Is it a cape, a serape, a shawl?
It's super-flag--a cashmere cover-up for pianos or people, created by Marc Jacobs, the year's most talked-about designer.
Jacobs, only 25 and already a veteran of the fashion wars, had his own label until a few months back when he was tapped by Perry Ellis Inc. to fill the late designer's preppy shoes.
The ponytailed prodigy--whose last collection featured screaming sequined beach towels and a 1950's Miami Beach theme--will now have to create the kind of low-key, high-profile clothes that made Perry Ellis a household name.
How he does it, if he does it, will be revealed April 10 when the first Marc Jacobs for Perry Ellis collection is shown to buyers and press during fall market week.
"I'm scared," Jacobs admitted Wednesday from his New York office. To help relax himself, he said, his shoes were off and he was about to eat a pizza.
About the shades-of-gray shawl from his upcoming collection: "It's not a shawl but a real blanket, the size of a whole double bed" he explained. "It's made by Claridge of Scotland, who do all the blankets for Hermes and Louis Vuitton."
Jacobs hopes people will use the fringed blanket decoratively, on furniture, and will love it so much that they'll also want to "wrap themselves in it on really cold days."
Please see NEW YORK, Page 14 Those looking for something more conventional to wear next fall will find that too, he says. "I've designed a bit of everything: long and short skirts, wide and narrow pants."
The look he likes most, however, is the "slim, neat look of very narrow pants"--in cavalry twill, suede, even matte sequins, all teamed with voluminous tops.
New York's other Wunderkind, Isaac Mizrahi, reportedly wouldn't even consider taking the job at Perry Ellis
because he wanted to retain his own company name and label.
At 27, this will be Mizrahi's seventh season in business and his fourth major
fashion show. "There are no designer clothes in my new collection--by that I mean it's just real American sportswear of thepurest kind. It's all about options and priorities," he says.

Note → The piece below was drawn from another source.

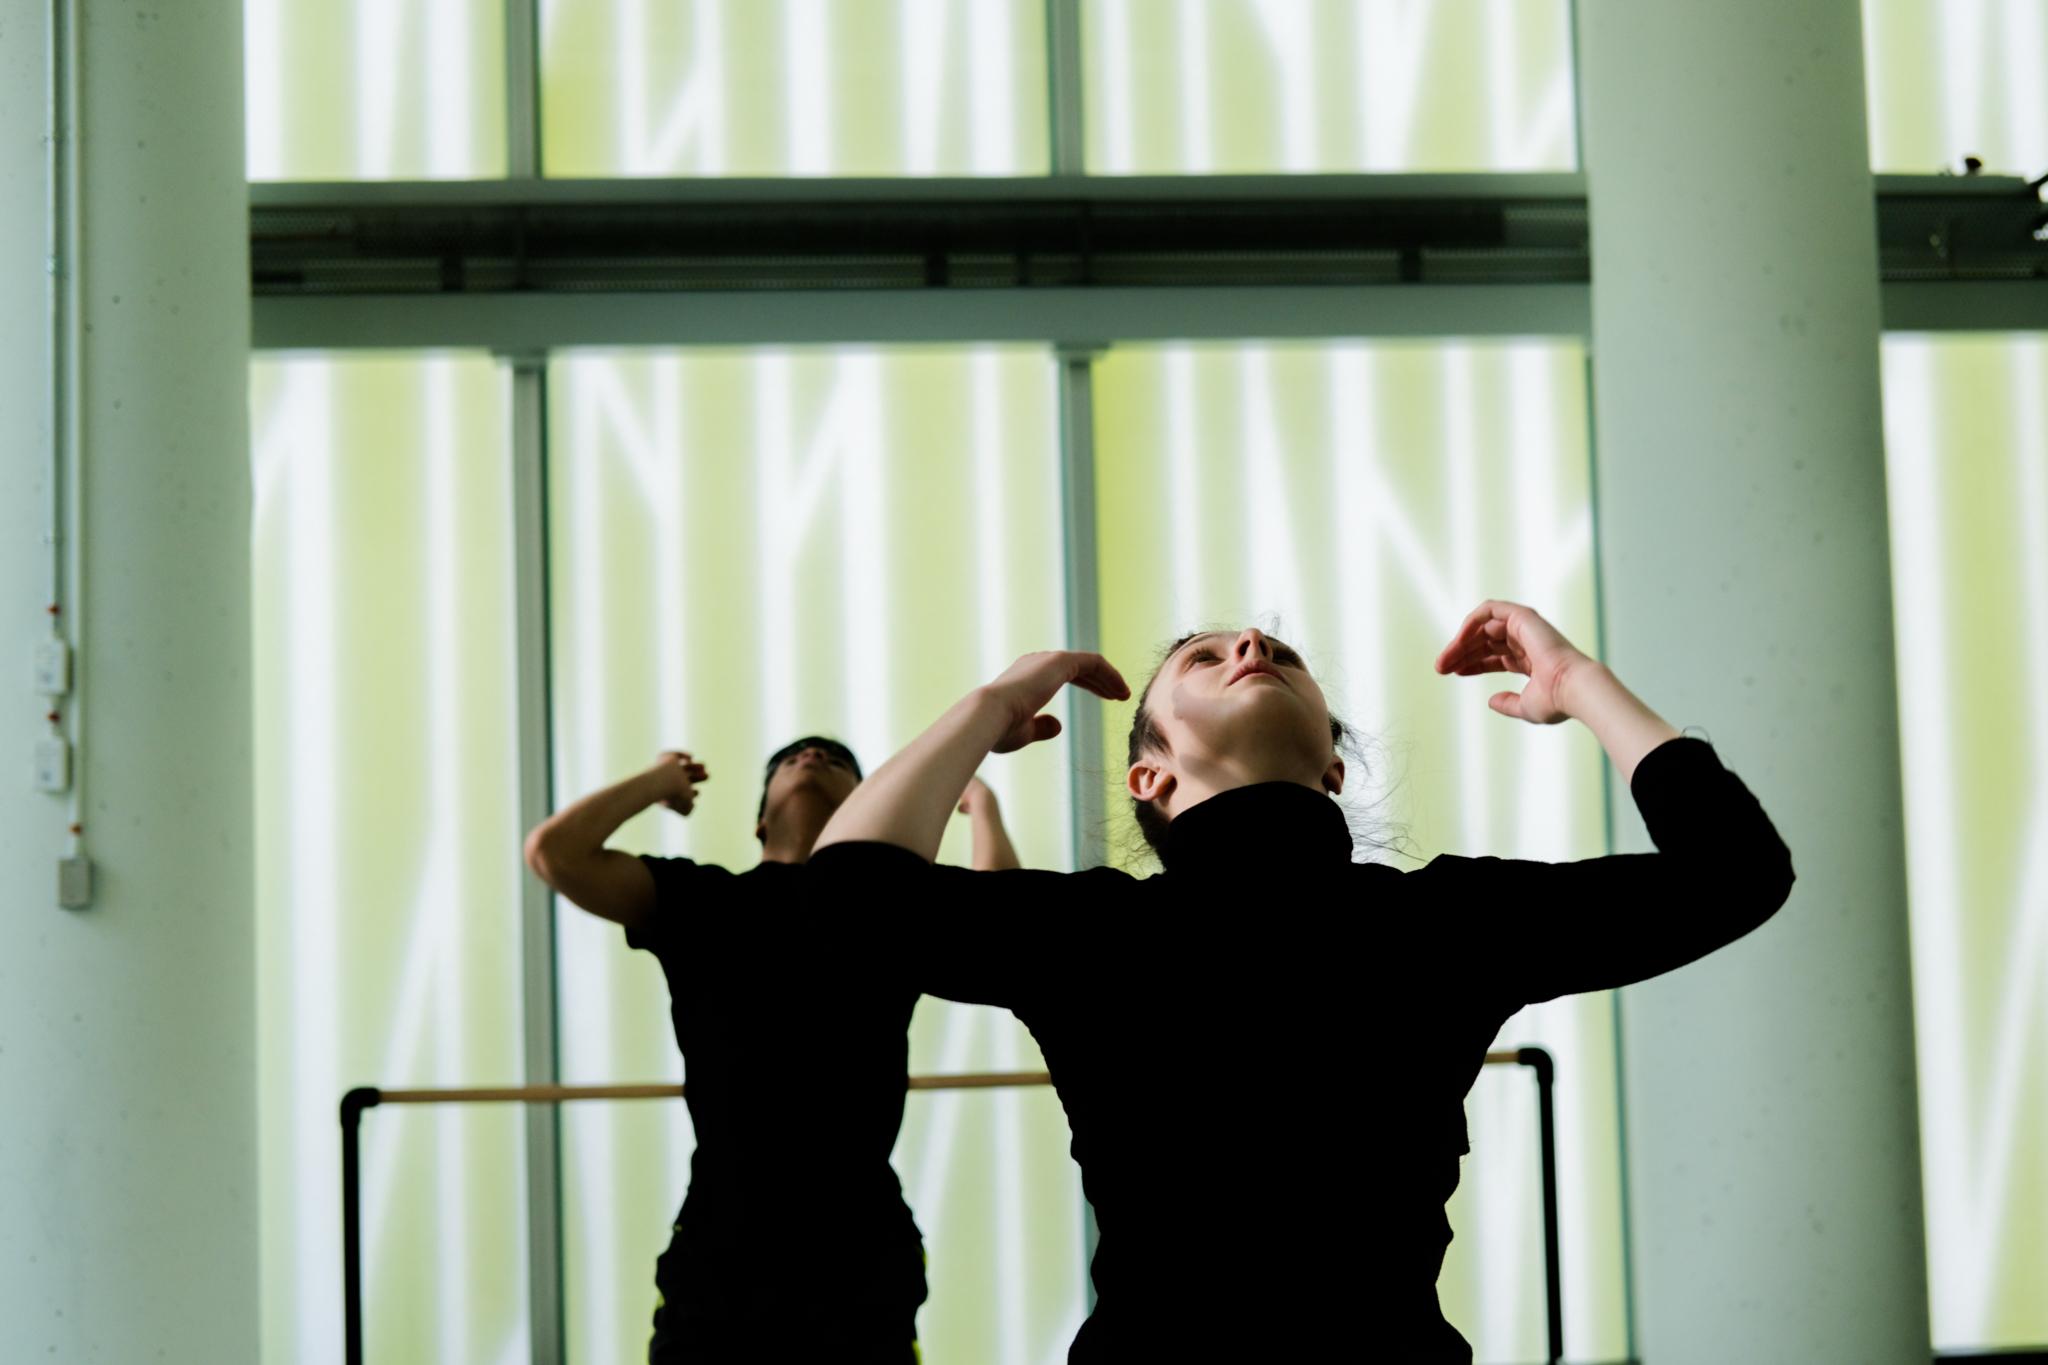 École de Danse Contemporaine de Montréal à Montréal: STUDIO Photo: Adéral Piot Dancers: Thibault Rajaofetra, Angélique Delorme
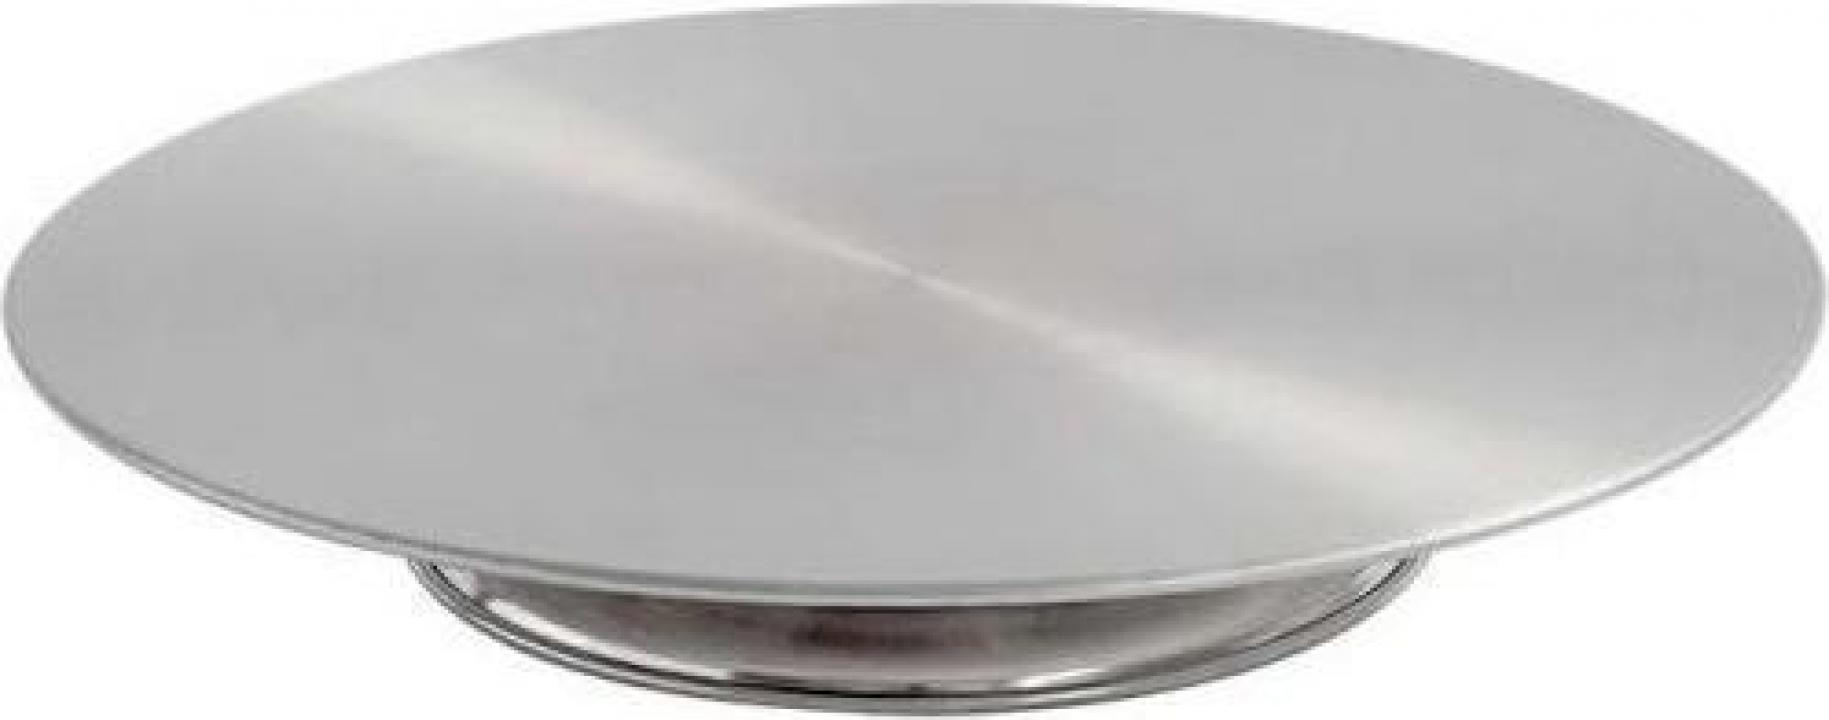 Suport inox rotativ pentru tort 33 cm

The wool jersey "nose-warmer" tunic, shown here with pants,
represents one of the many options to Mizrahi. The tunic can be worn separately as a dress."The nose-warmer looks wonderful when it's worn down--a sort of cowl neckline. I have lots of pants for fall, in both slim and sack styles. And loads of jumpsuits," he says.
Pants may be very popular at the New York showings that start next week, judging from these exclusive, advance photos. Calvin Klein will offer slim versions topped by classic, double-breasted jackets and uncharacteristically prim, tie-neck blouses.
Louis dell'Olio, for Anne Klein, likes a bit more width at the bottom. His swaggery trousers are teamed with a matching, one-button jacket.
Donna Karan's pants-shape looks almost bell-bottom, with a drapey jacket that closes at the waist.
Geoffrey Beene, Manhattan's resident fashion poet, has an explanation for the rear-window emphasis on his "Metamorphosis" dresses with elided backs, such as the one shown here.
" . . . the cutout back, shaped like a pincer, terminates in two sharp prongs shooting over the left and right hip joints. These paired slivers act like arrows pointing to new divisions of the female anatomy."
We never told you fashion was simple.